Error Handling¶

Warning

This feature is in beta mode and subject to changes. Any feedback is appreciated.

What follows applies to the SWF executor; the local one only handles raises_on_failure.

A workflow can declare a method to be called when a task or child workflow fails or times out. By default, errors are handled as follows:

aretry attribute defines how many times the task or workflow is retried; it defaults to 0 (no retry)
if too many retries were attempted, the raises_on_failure attribute is checked. If False, a future is returned with its exception set; if True, the workflow is aborted.

Groups and Chains have raises_on_failure too, along with bubbles_exception_on_failure and (for Chains) break_on_failure, allowing for more fine-grained control.

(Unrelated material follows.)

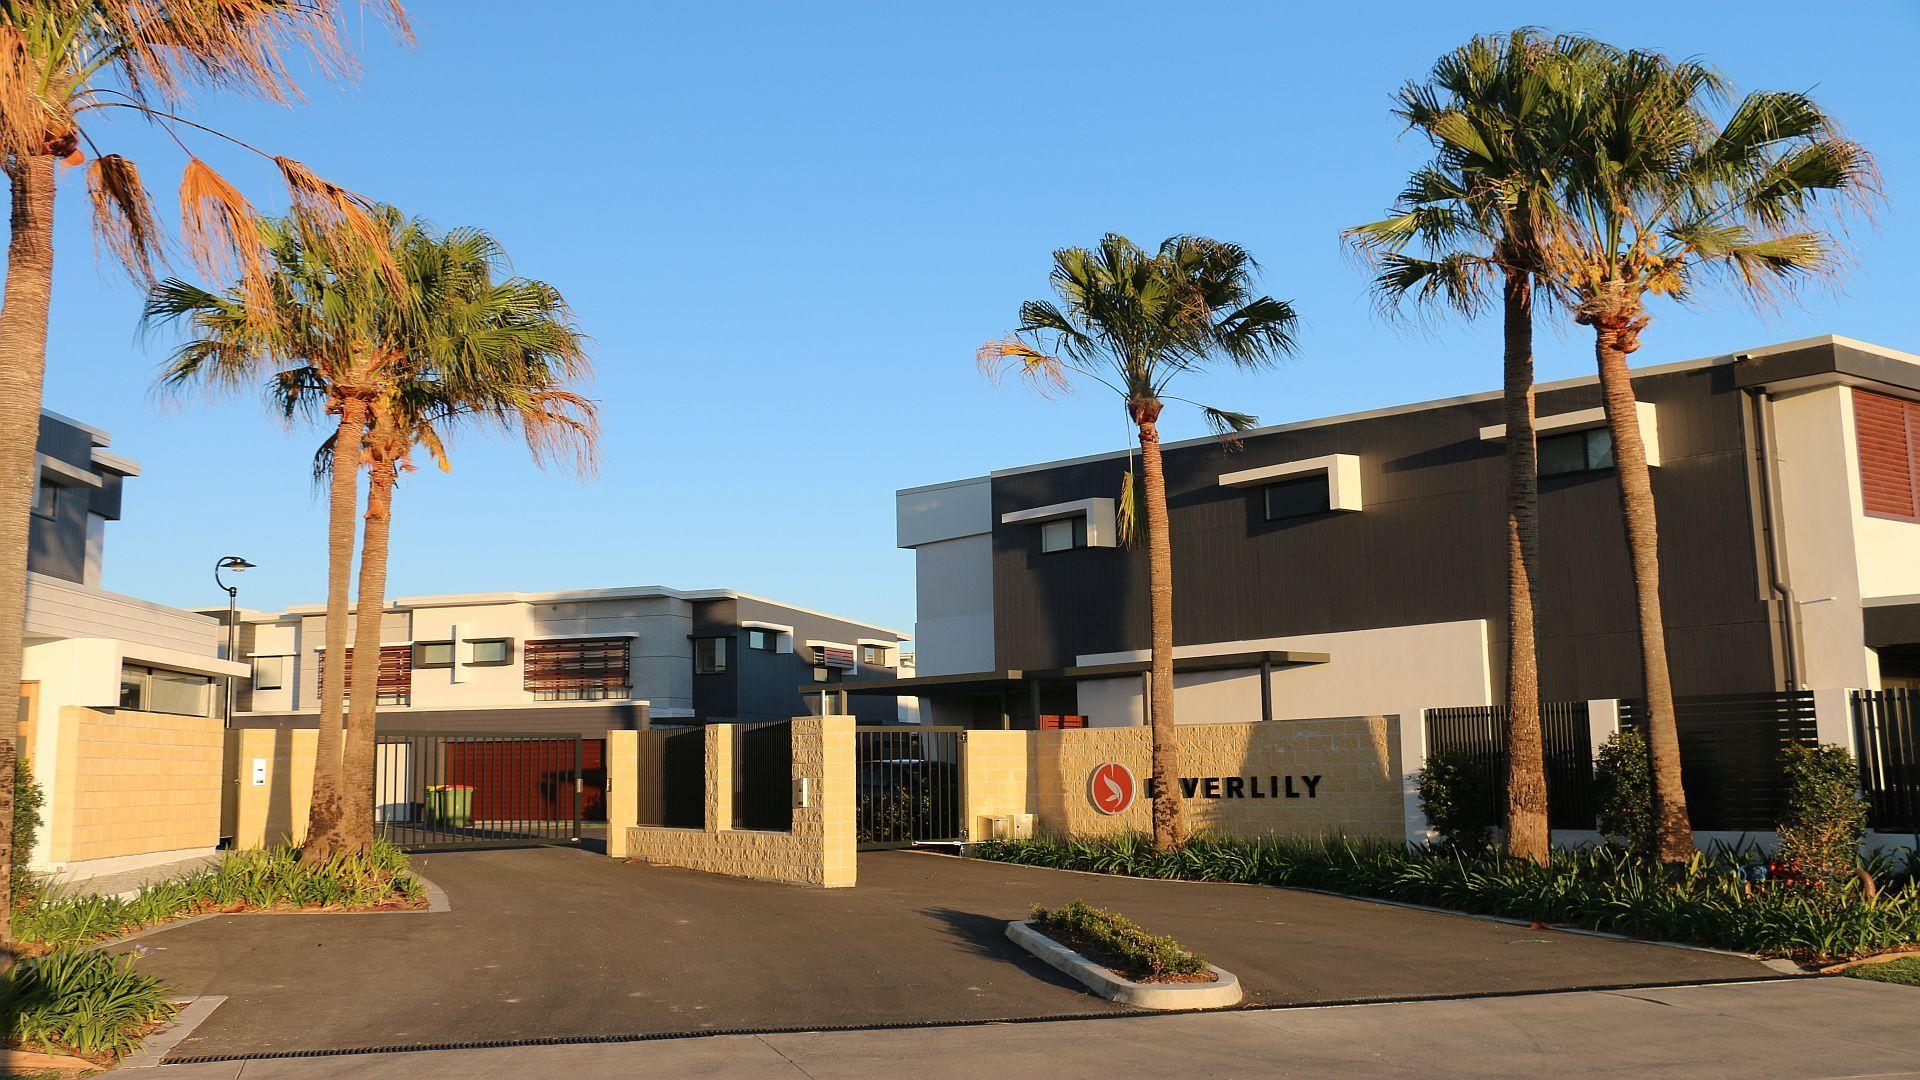 68/42 Stadium Drive, Robina QLD 4226, Image 0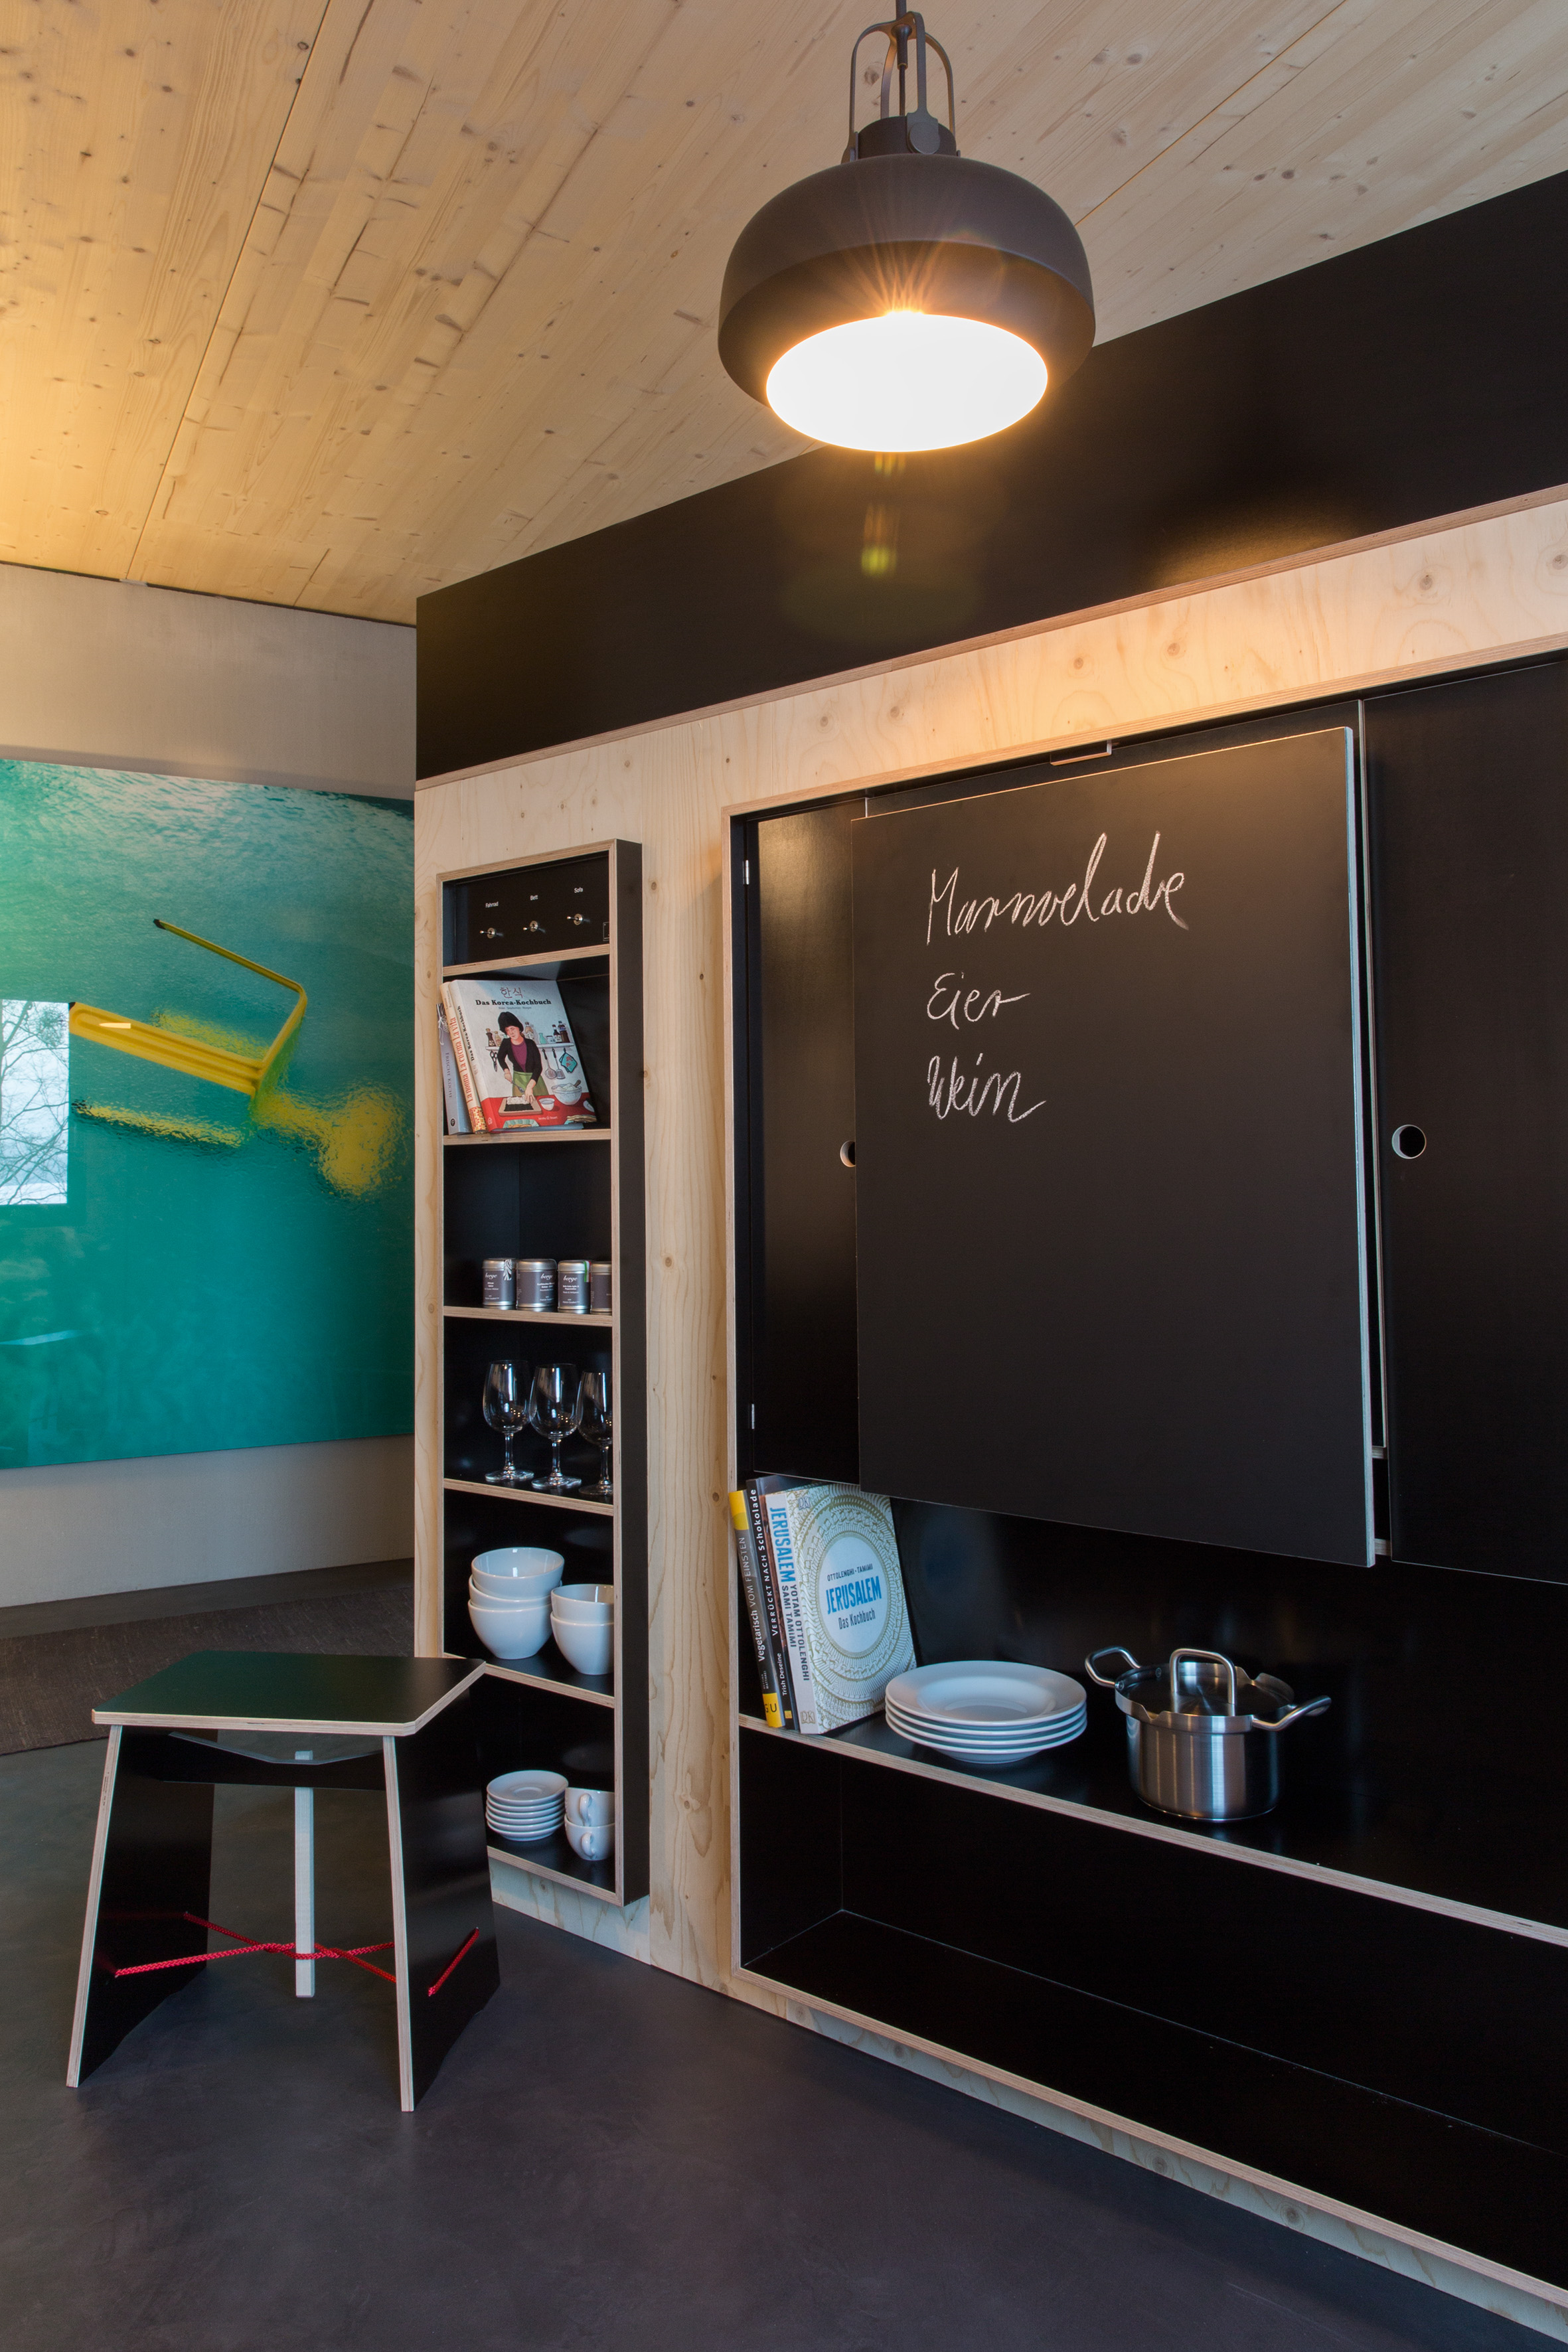 The blackboard folded up | © Julia Rotter

If defined, Workflow.on_task_failure is called before the Executor.default_failure_handling default error handling. It is passed a TaskFailureContext object with error details and can modify it or return a new TaskFailureContext instance.

The TaskFailureContext currently have these members:

a_task: failed ActivityTask or WorkflowTask
task_name: activity or workflow name
exception_class: TaskException or WorkflowException
exception: raised exception (shortcut to future.exception); None for unfinished tasks
retry_count: current retry count (0 for first retry)
task_error: for a TaskFailed exception, name of the inner exception if available
reason: TaskFailed.reason or str(exception)
details: TaskFailed.details or None
future: failed future
event: quite opaque dict, experimental
history: History object, experimental
decision: described below
retry_wait_timeout: ditto

The TaskFailureContext.decision (nothing in common with SWF’s decisions) should be set by on_task_failure. It can be:

none: default value, continue with default handling (potential retries then abort)
abort: use default abort strategy
ignore: discard the exception, consider the task finished; the future’s result may be user-modified
cancel: mark the future as canceled
retry: schedule the task again; its args and kwargs may be user-modified (well, the whole task)
retry_later: schedule the task after retry_wait_timeout seconds, with args and kwargs potentially altered
handled: on_task_failure somewhat handled the failure; use the future and task it has possibly modified (one strategy here is for on_task_failure to call the executor’s default_failure_handling method, and make workflow-specific processing according to its return value)

The Workflow.on_task_failure method is guaranteed to be called only once on a given replay, but may be called again with the same failure in subsequent replays: it must thus be idempotent.